■ **Problem description**
A faithful copy is required. Print each line of the data exactly and omit the pictures.

■ **Collected material**
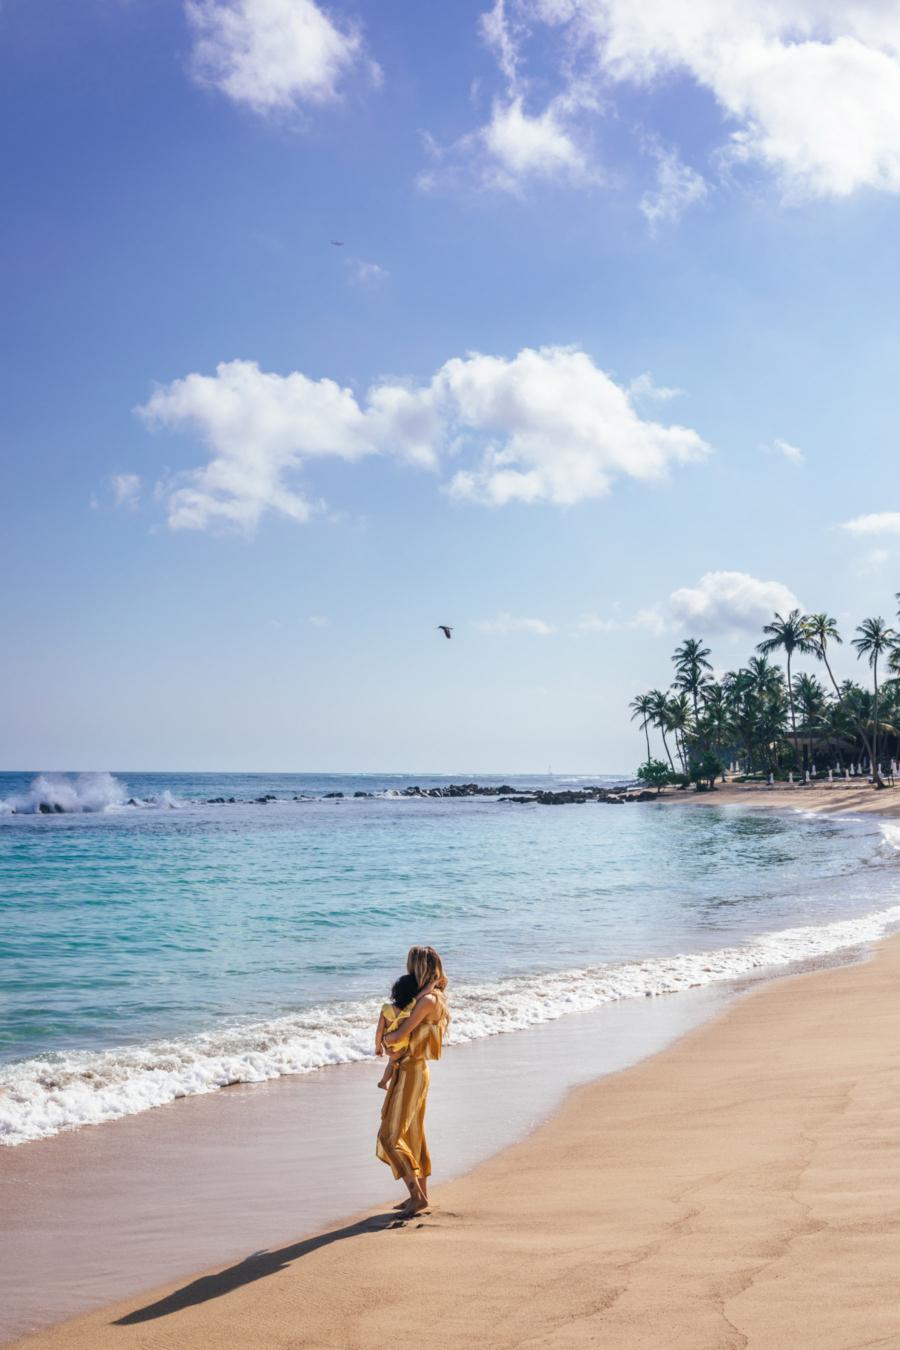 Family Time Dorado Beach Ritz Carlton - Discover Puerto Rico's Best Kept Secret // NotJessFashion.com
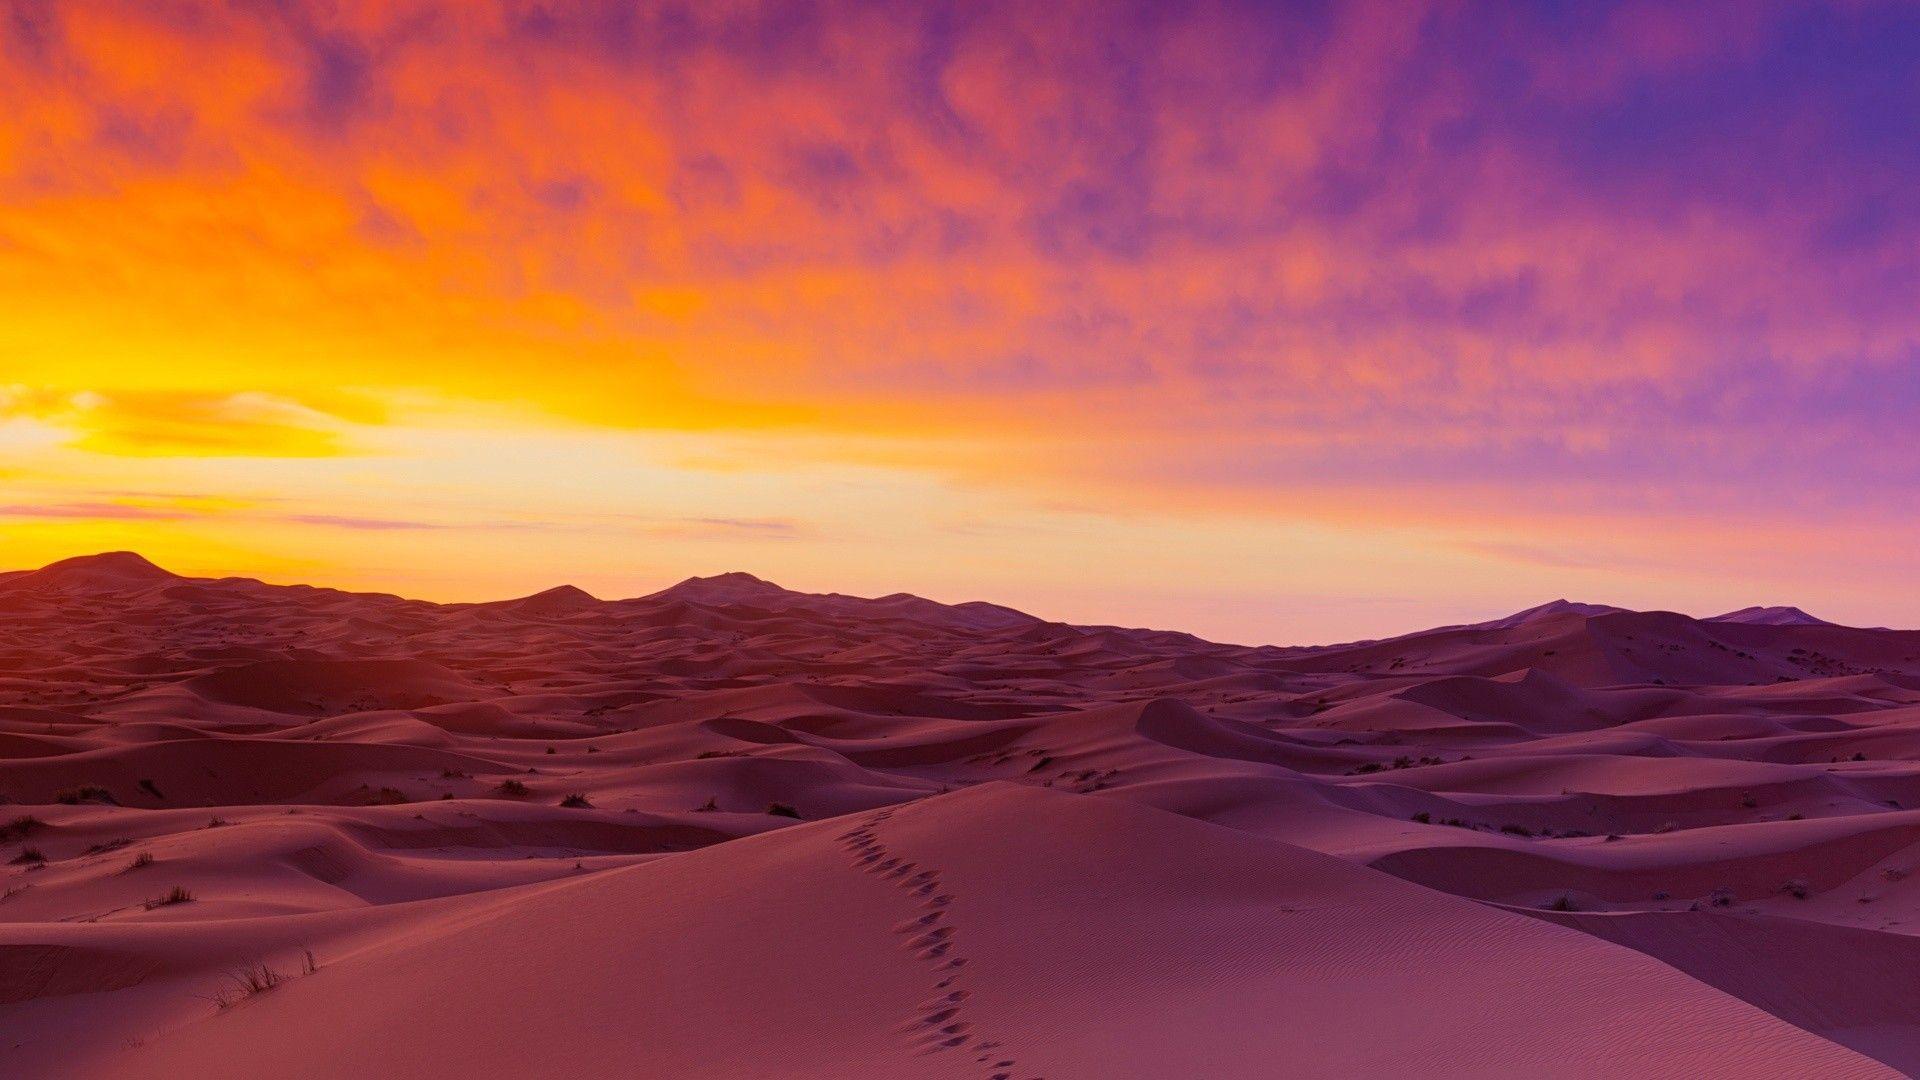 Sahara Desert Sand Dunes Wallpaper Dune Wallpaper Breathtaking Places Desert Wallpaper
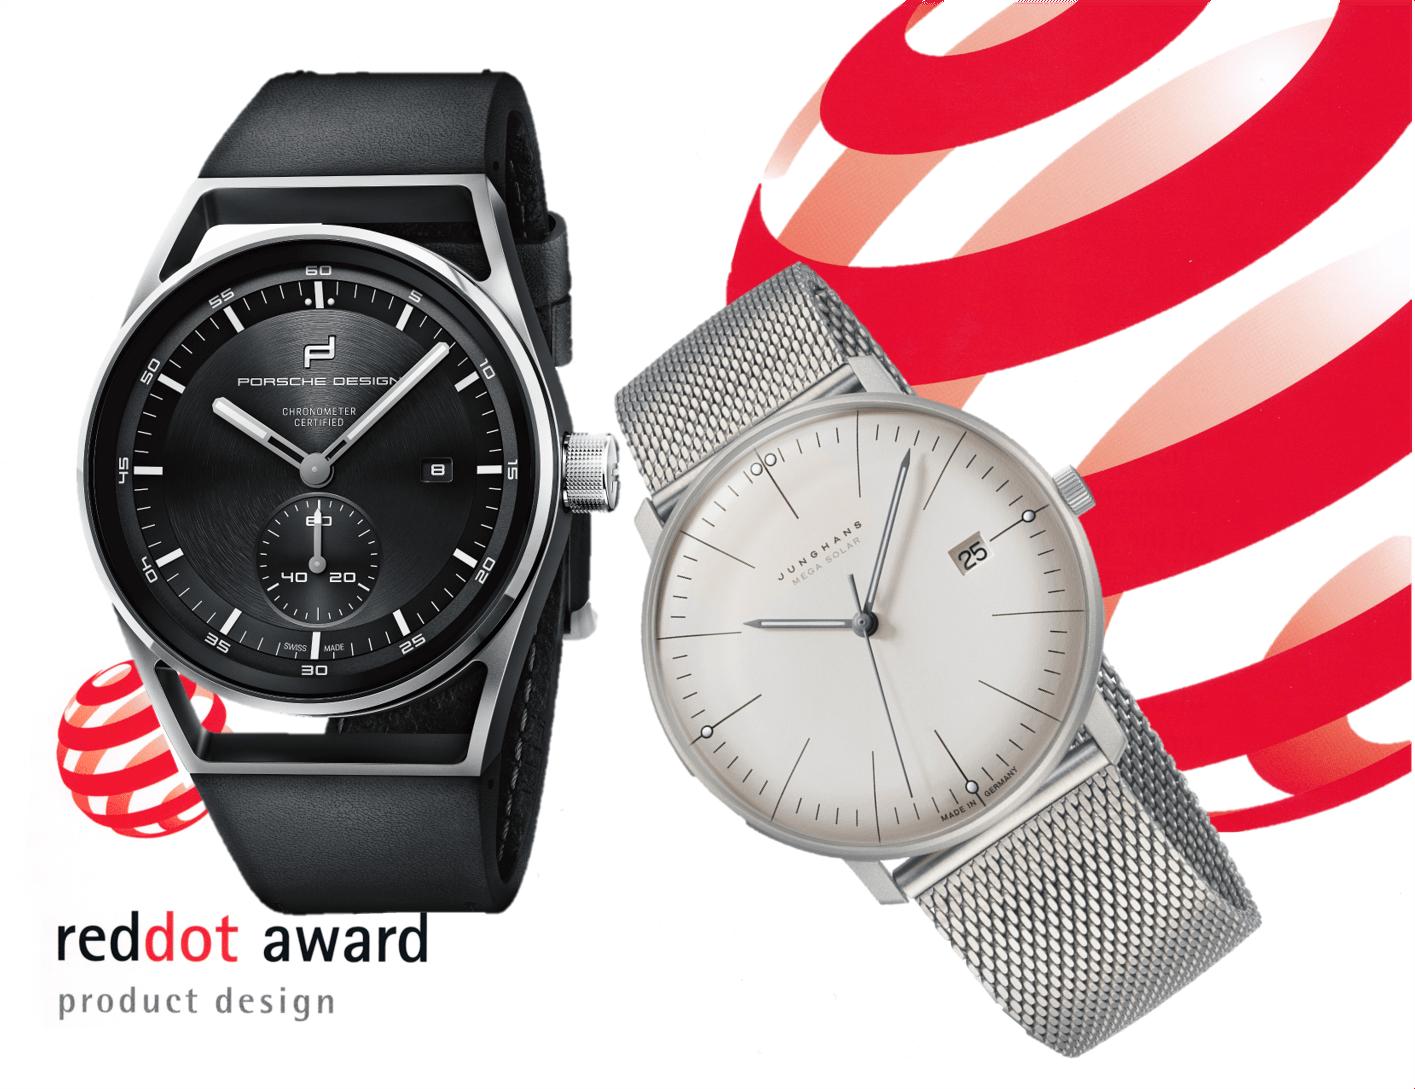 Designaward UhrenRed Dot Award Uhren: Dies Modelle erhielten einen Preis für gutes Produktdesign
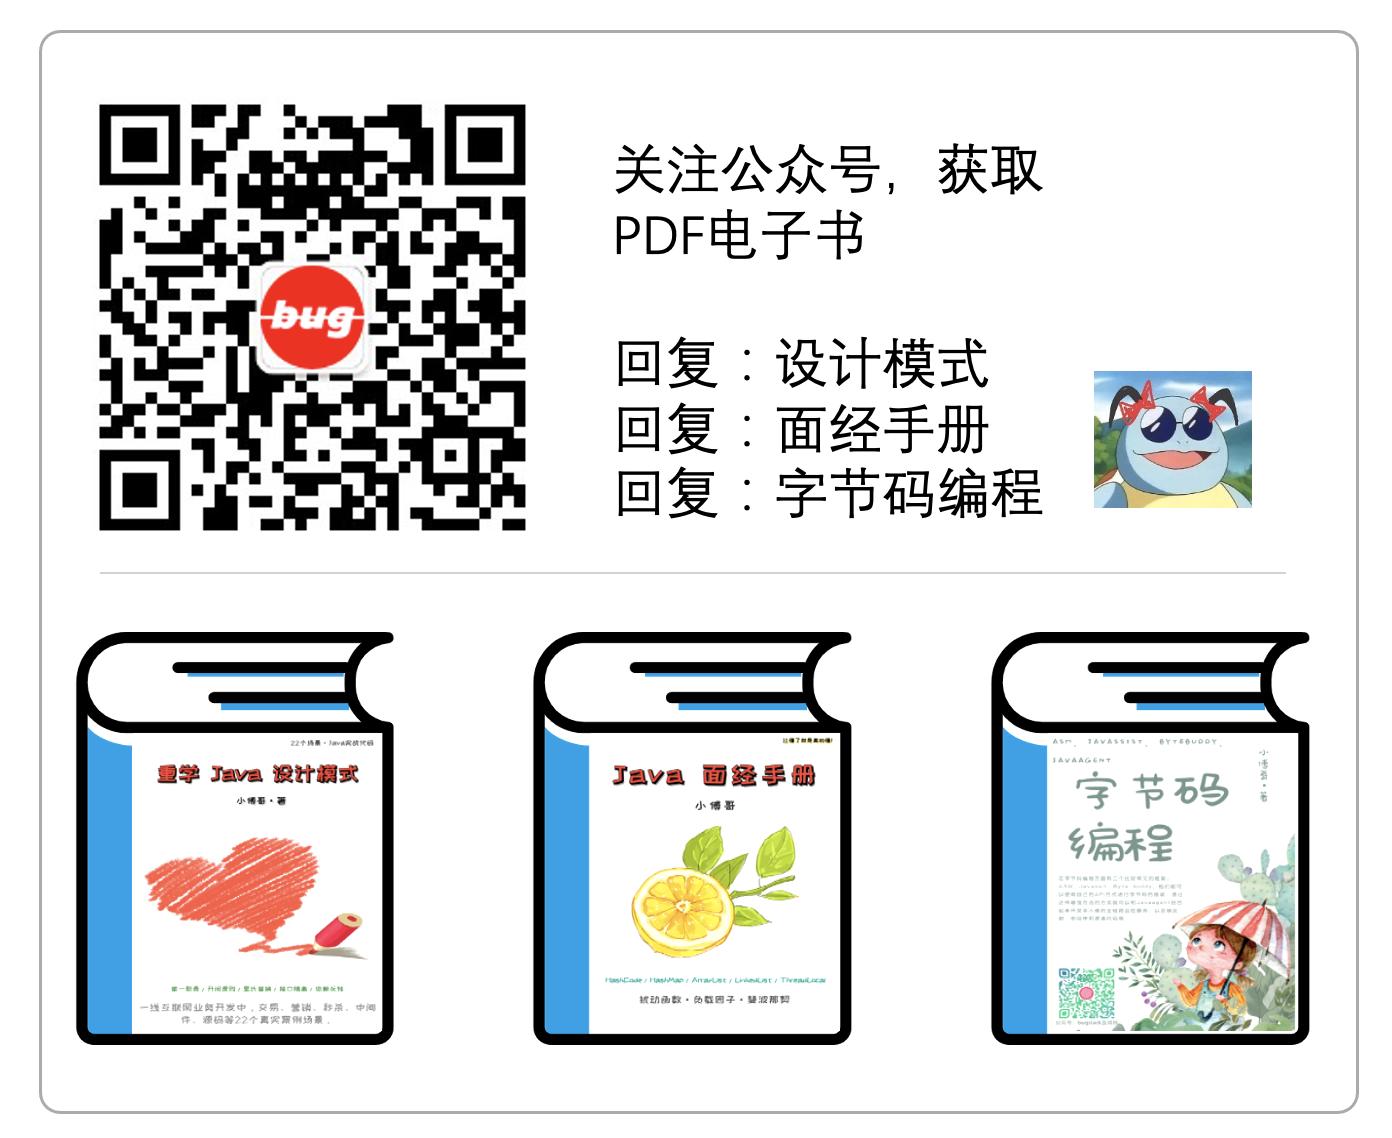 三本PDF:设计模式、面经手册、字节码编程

■ **Response to the task**
 Family Time Dorado Beach Ritz Carlton - Discover Puerto Rico's Best Kept Secret // NotJessFashion.com
 Sahara Desert Sand Dunes Wallpaper Dune Wallpaper Breathtaking Places Desert Wallpaper
 Designaward UhrenRed Dot Award Uhren: Dies Modelle erhielten einen Preis für gutes Produktdesign
 三本PDF:设计模式、面经手册、字节码编程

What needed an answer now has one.